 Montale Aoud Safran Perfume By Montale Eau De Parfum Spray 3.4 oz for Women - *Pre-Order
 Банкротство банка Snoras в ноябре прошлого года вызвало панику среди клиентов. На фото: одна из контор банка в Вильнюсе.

-*-

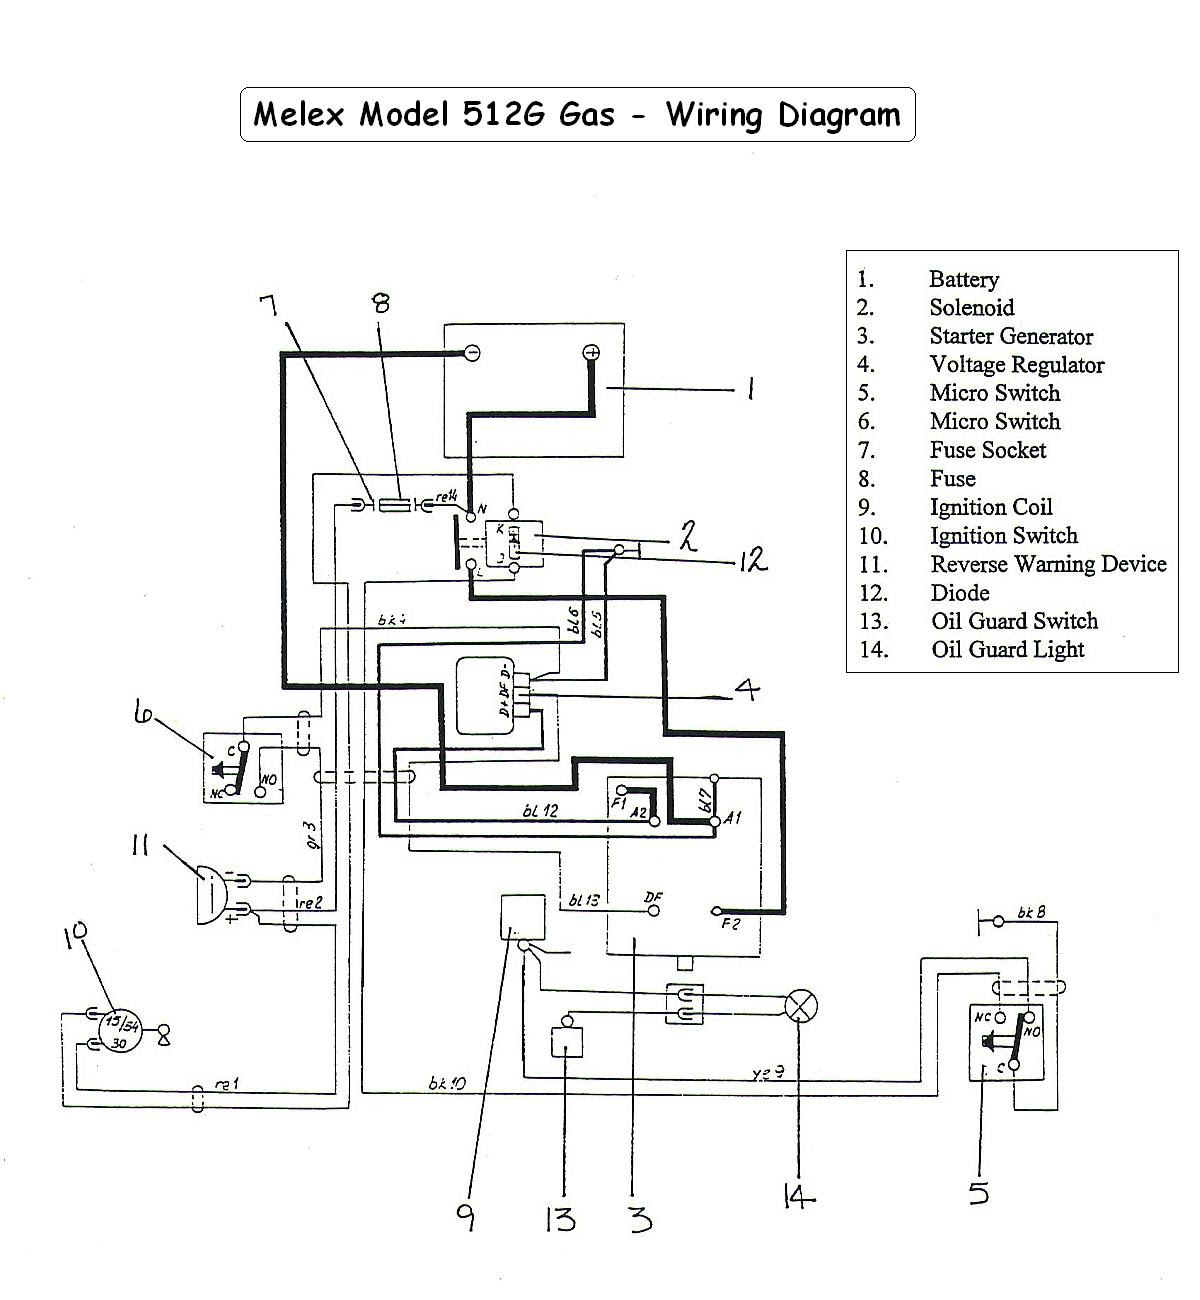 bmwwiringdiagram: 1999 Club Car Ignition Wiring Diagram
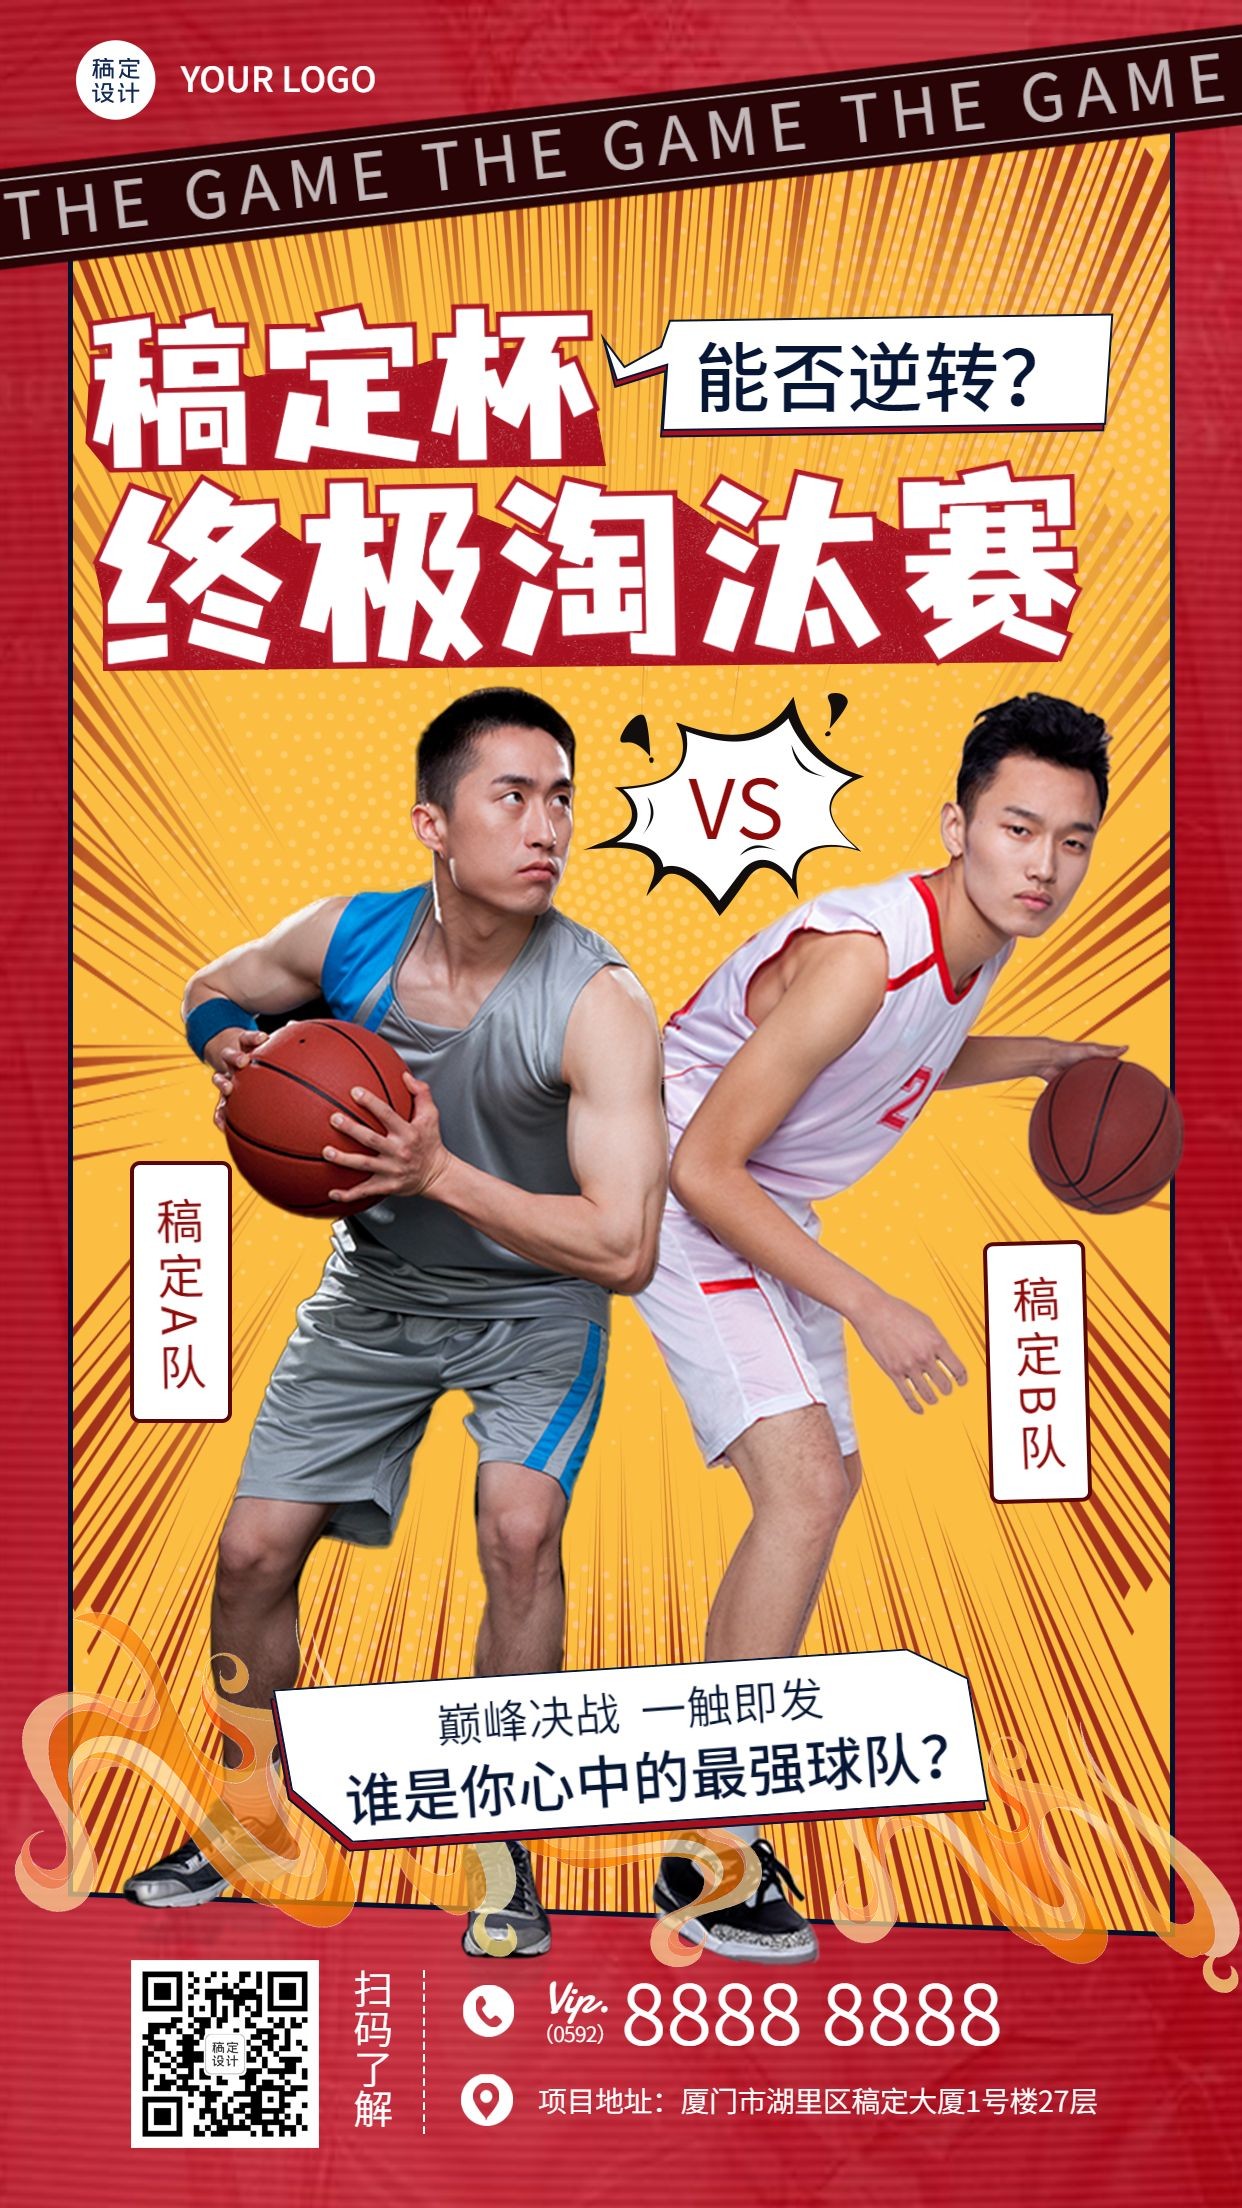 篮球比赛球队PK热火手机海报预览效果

-*-

Task directions: The answer must be the lines above from the one containing "bmwwiringdiagram: 1999 Club" through the one containing "篮球比赛球队PK热火手机海报预览效果", reproduced exactly, with no pictures and nothing else.

Output below:
 bmwwiringdiagram: 1999 Club Car Ignition Wiring Diagram
 篮球比赛球队PK热火手机海报预览效果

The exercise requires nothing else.